Behind the counter, sitting on the cold floor of the cell, was Chidera.

When she saw Gloria, she burst into tears.
“Madam! I am sorry! Please forgive me!” Chidera begged, clutching the iron bars.

“It was the devil! I don’t know what came over me!”

The DPO (Divisional Police Officer) placed the bag of gold on the counter.

“We found this with her,” the officer said. “She confessed everything. How she broke your safe. How she locked you inside.”

Philip looked at Chidera with fire in his eyes.

“You ate my food,” Philip said, his voice shaking with anger. “We paid your school fees. We treated you like a daughter. And this is how you pay us? By trying to k!|| my wife and son?”

“I am sorry, Sir! Please don’t send me to prison!” Chidera cried. “I will serve you forever! Just forgive me!”
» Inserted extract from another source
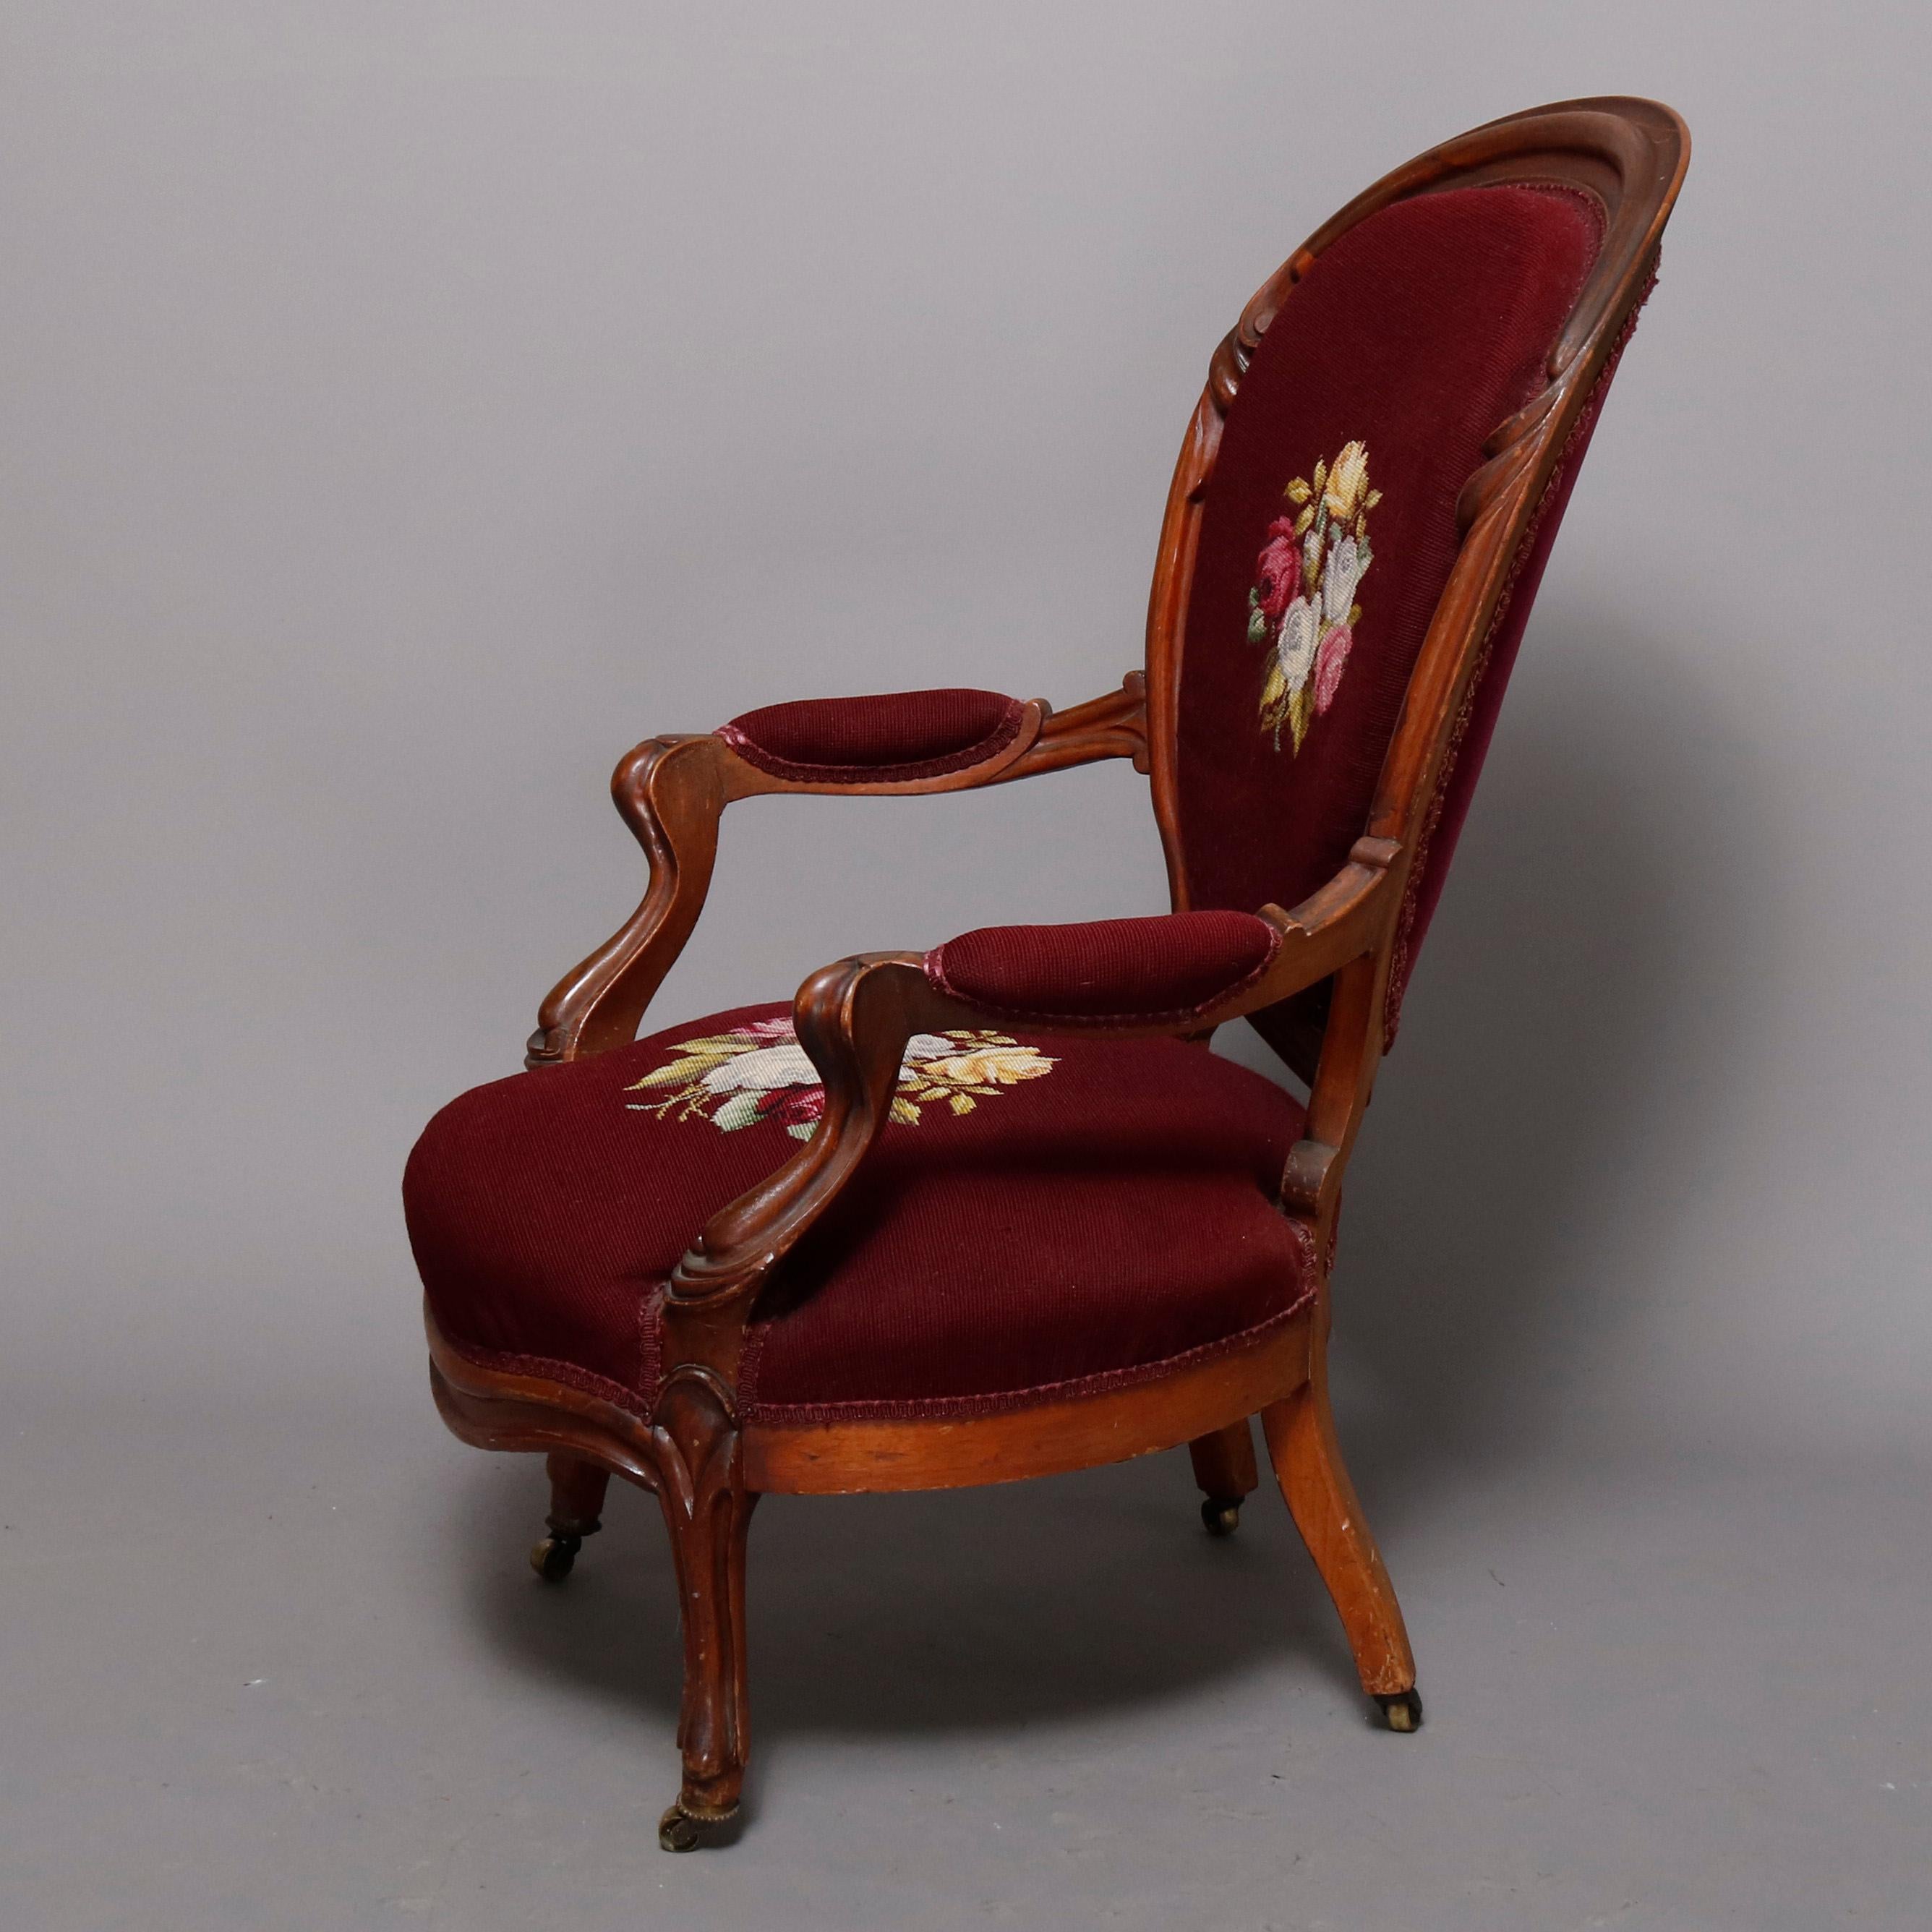 An antique Victorian parlor armchair offers carved walnut frame with balloon back having flanking foliate elements framing needlepoint back with central floral reserve surmounting shaped seat with matching needlepoint cushion, covered and carved
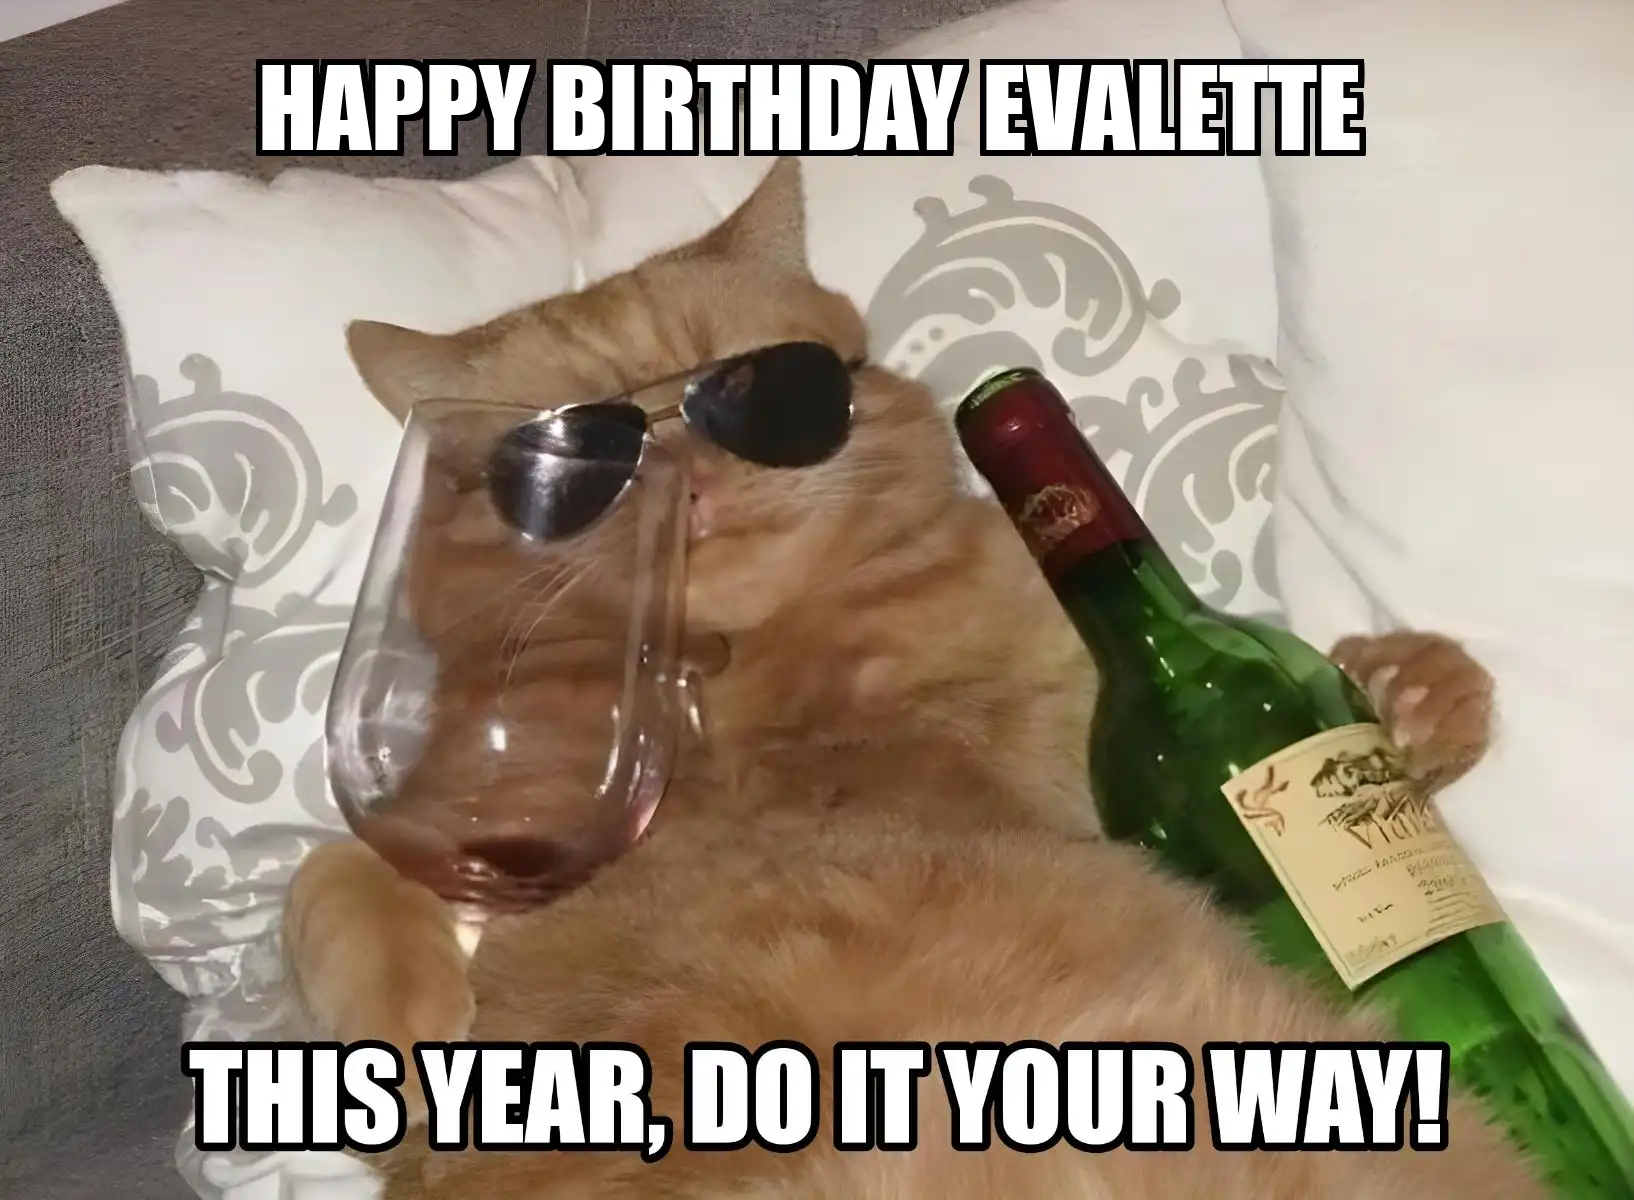 Happy Birthday Evalette This Year Do It Your Way Meme

Gloria looked at Chidera. She looked at the tears.

Then she looked at Junior, who was holding her leg, afraid of “Aunty Chidera.”

Gloria stepped forward.

“I forgive you, Chidera,” Gloria said softly.
Chidera’s eyes lit up. “Thank you, Ma! Thank you!”

“I forgive you,” Gloria continued, “so that God will not hold anger in my heart. But forgiveness does not mean freedom from consequences.”

She turned to the DPO.

“Officer.”

“Yes, Madam.”

“She tried to commit murd£r. She stole millions. Let the law take its full course.”

“NO! MADAM PLEASE!” Chidera screamed as the officers unlocked the cell to take her to the Black Maria van.

“I AM SORRY! JUNIOR TELL YOUR MUMMY TO FORGIVE ME!”

But Junior just looked away.

They dragged her out. The heavy iron door of the prison van slammed shut.

GBAM.

As the van drove away to the maximum security prison, Gloria hugged her husband and her son.

They were alive. They were together. And the evil in their home had been swept away.